Here are the system components:

  • SERVER – HP c7000 Blade Enclosure with sixteen Bl465c blades, two 4 GB FC modules, and four VC Enet modules
  • Each blade has two dual-core AMD CPUs, 16 GB RAM, two 72 GB SAS drives (hardware RAID-1), two embedded gig NICs, and a mezzanine card with two more gig NICs/iSCSI initiators and two FC HBAs
  • NETWORK – Cisco 6509 with two SUP 720 cards, two 48 port LC Gig-E fiber cards, and four 48 port gig copper cards
  • MANAGMENT – Dell 1850 with two 146 GB SAS drives (hardware RAID-1) for management and boot services
  • STORAGE – Scavenged proof-of-concept totally ghetto Dell Optiplex desktop with four internal 1.5 TB SATA drives (software RAID-10 formatted with tuned XFS) providing 3 TB of NFS shared storage
  • Scavenged HP IP-KVM box for OOB-management of the two Dells

Here are the steps I took:

  1. First I had to update all the firmware on the blade server.  This includes the two OA cards for the Onboard Administrator, the Virtual Connect software, the iLO2 software for each blade, the BIOS on each blade, and the Power Management Controller firmware.  There is a particular order this is done in, and it is not easy, but it really needs to be done.  The fixes that come with these updates are often vital to success.  Overall, I spent a week researching and updating.  I set all the blades to boot via PXE.
  2. Next, I built the storage server.  I really had no choice – nothing was available but a Dell Optiplex desktop.  It had four internal SATA ports available, and room for four 1GB RAM modules.  It also had a single dual-core Intel CPU and PCI slots for more NICs, and a PCI-Express mini-slot as well.  I had to order parts, and it took a little while, but once done, it had a total of four gig NICs (one embedded, two PCI, one PCI-Express), four 1.5 TB SATA drives, and 4 GB RAM.  I loaded it with 64-bit Ubuntu-9.04, hand-carved the partitions and RAID-10 setup, formatted the 3 TB volume with XFS, tuned as best I knew how, and then put it on the 2.6.31 kernel (I later updated it to  There were no BIOS or other firmware updates needed.
  3. I then built the management server on the Dell 1850.  It only has one power supply (I cannot find a second one), but it does have 8 GB RAM and two dual-core CPUs.  I loaded 64-bit Ubuntu-9.04 on it afte installing two 146 GB SAS drives in a RAID-1 mirror (hardware-based).  I also updated the BIOS and other firmware on it.
  4. Having these components in place, I studied the blade server to see what I could get away with, and ultimately decided to use each NIC on a blade server to support a set of traffic types, and balanced the likelyhood of traffic demands across them.  For example, Vmotion traffic, while it may be intense, should be relatively infrequent, so it shares a V-Net with another type of traffic that is low-bandwidth (the alternate management  network).  Altogether, I ended up with a primary management network on up V-Net, Vmotion and the alternate on another V-Net, storage traffic (NFS and iSCSI) on a third V-Net, and VM traffic on its own V-Net.  Each V-Net maps to the its own NIC on a blade, the same NIC on each blade.

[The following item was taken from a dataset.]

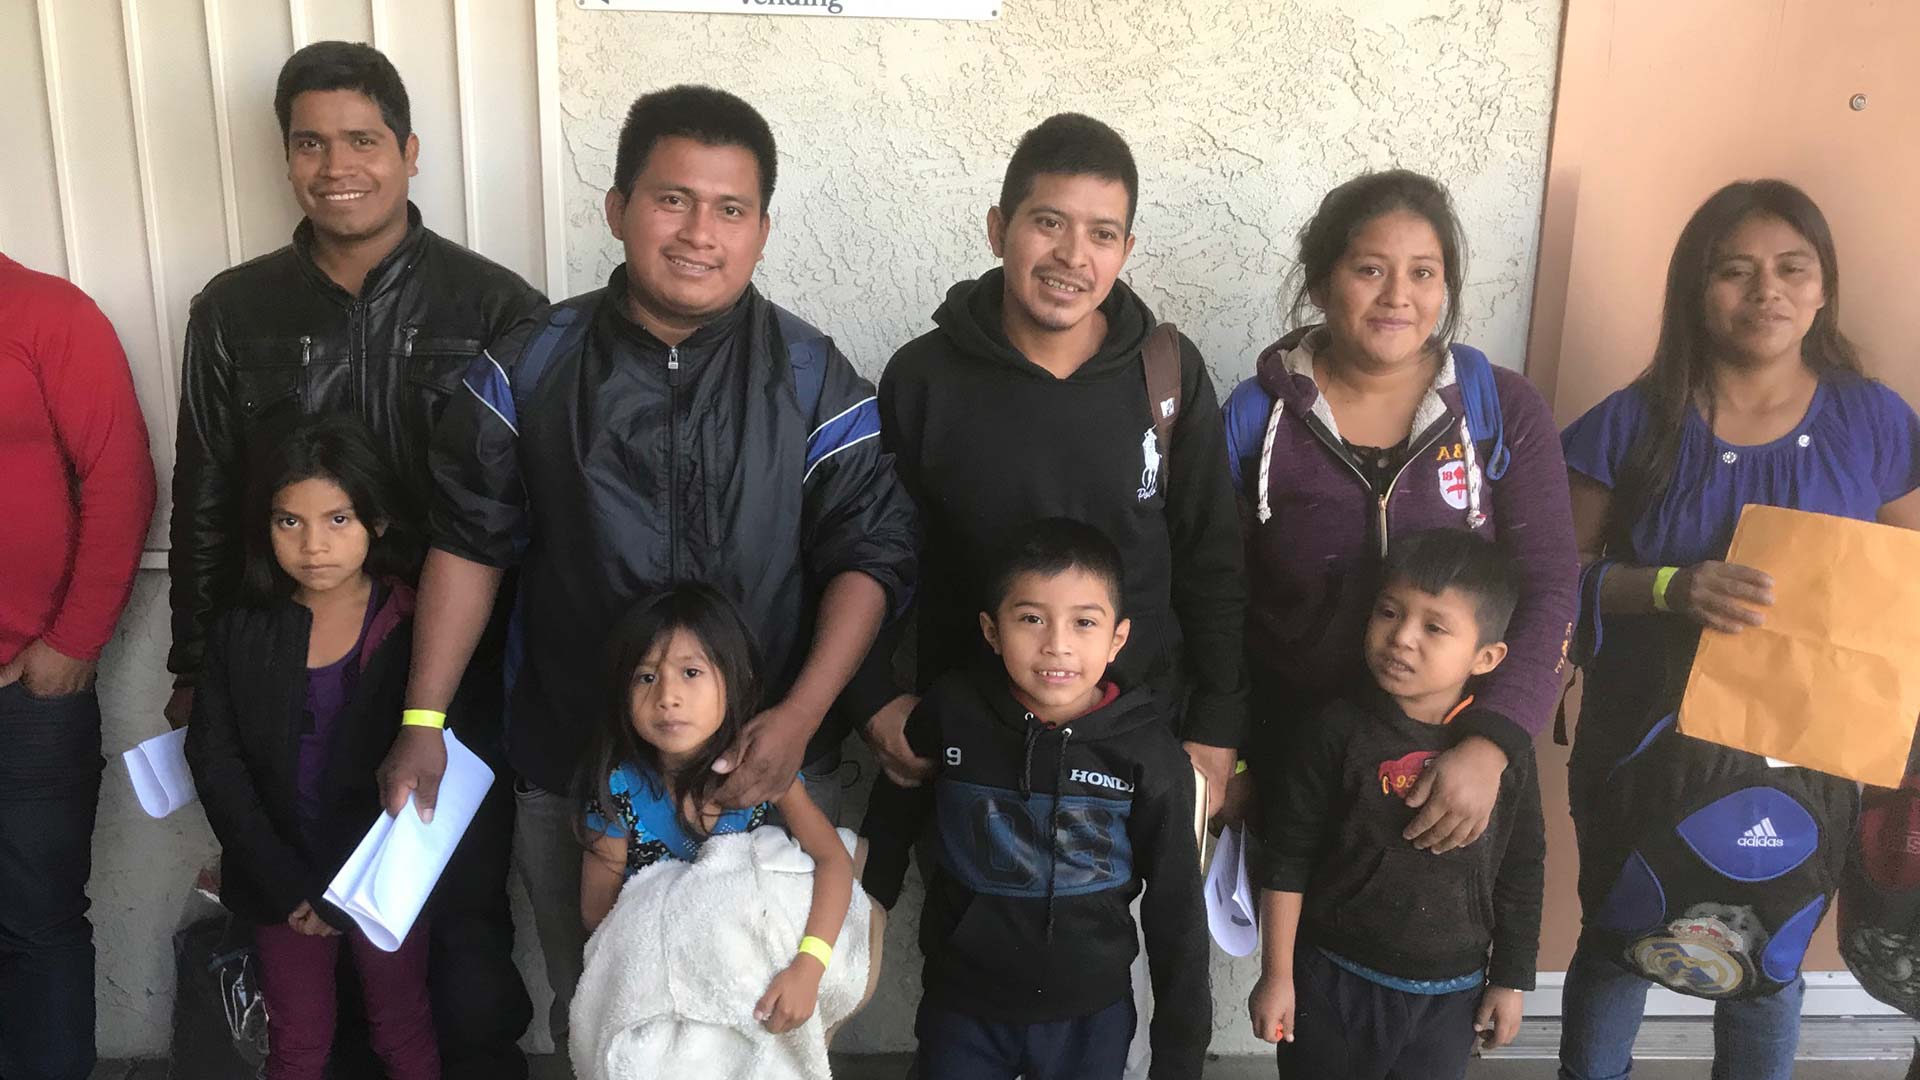 Families from Guatemala

The physical network design:

For the V-Nets, the management network went on NIC 1 as an untagged VLAN.  It has to be untagged, because when it boots up, it needs to get a DHCP address and talk to the boot server for its image.  Since it comes up untagged, it will not be able to talk out to the DHCP/PXE server if the V-Net is set to pass through tags.  The other V-Nets support tagged VLANs to further separate traffic.  Each V-Net has four links to the Cisco 6509, except for the storage V-Net, which has eight.  Two links form an LACP bundle from the active side (VC-Enet module in Bay 1), and two make up an LACP bundle (or etherchannel) from the module in Bay 2, which is the offline side.  This is repeated for the other networks across the other modules in Bays 5 and 6.  Bays 3 and 4 house the Fiber Channel modules, which I am not using.  Everything is on its own individual private 10.x.x.x network as well, except for the VM traffic net, which will contain the virtual machine traffic.

The storage design:

Like I said, a really ghetto NFS server.  It does not have enough drives, so even though it would be overkill for a home PC, it will not cut it in this situation.  I expect it to run out of steam after only a few VMs are added, but it does tie everything together and provides the shared storage component needed for HA, Vmotion, and DRS.  I am working on an afforable and acceptable solution, rack-mounted, with more gig NICs and up to 24 hot-swap drives – more spindles should offer more thoughput.  I bonded the NICs together into a single LACP link, untagged back the the Cisco, on the NFS storage VLAN.  Once working, I stripped out all unneeded packages for a very minimal 64-bit Ubuntu server.  It boots in seconds, and has no GUI.  Unfortuately, I did not get into the weeds enough to align the partitions/volumes/etc.  I just forgot to do that.  I will have to figure that out next time I get a storage box in.

The management server:

It is also on a very minimal 64-bit Ubuntu-9.04 install.  Ithas four NICs, but I only use two (the other two are only 100 MB).  The two gig NICs are also bonded into one LACP link back to the Cisco, untagged.  The server is running a stripped down 2.6.31 kernel, and has VMware Server 2.0.x installed for the vCenter Server (running on a Windows 2003 server virtual machine).  On the Ubuntu host server, I have installed and configured DHCP, TFTP, and gPXE.  I also extracted the boot guts from the ESXi 3.5.0 Update 4 ISO and set up the tftpboot directory so that each blade will get the image installed.  On the vCenter Server virtual machine, I installed the Microsoft PowerShell tool (which installed ActiveState PERL), and the VMware PowerCLI tool.  I also downloaded the midwife scripts and installed Notepad++ for easy editing.  The vCenter Server VM is on a private 10.x.x.x net for isolated management, but this gets in the way of the Update Manager plugin, so I still have some work to do later to get around this.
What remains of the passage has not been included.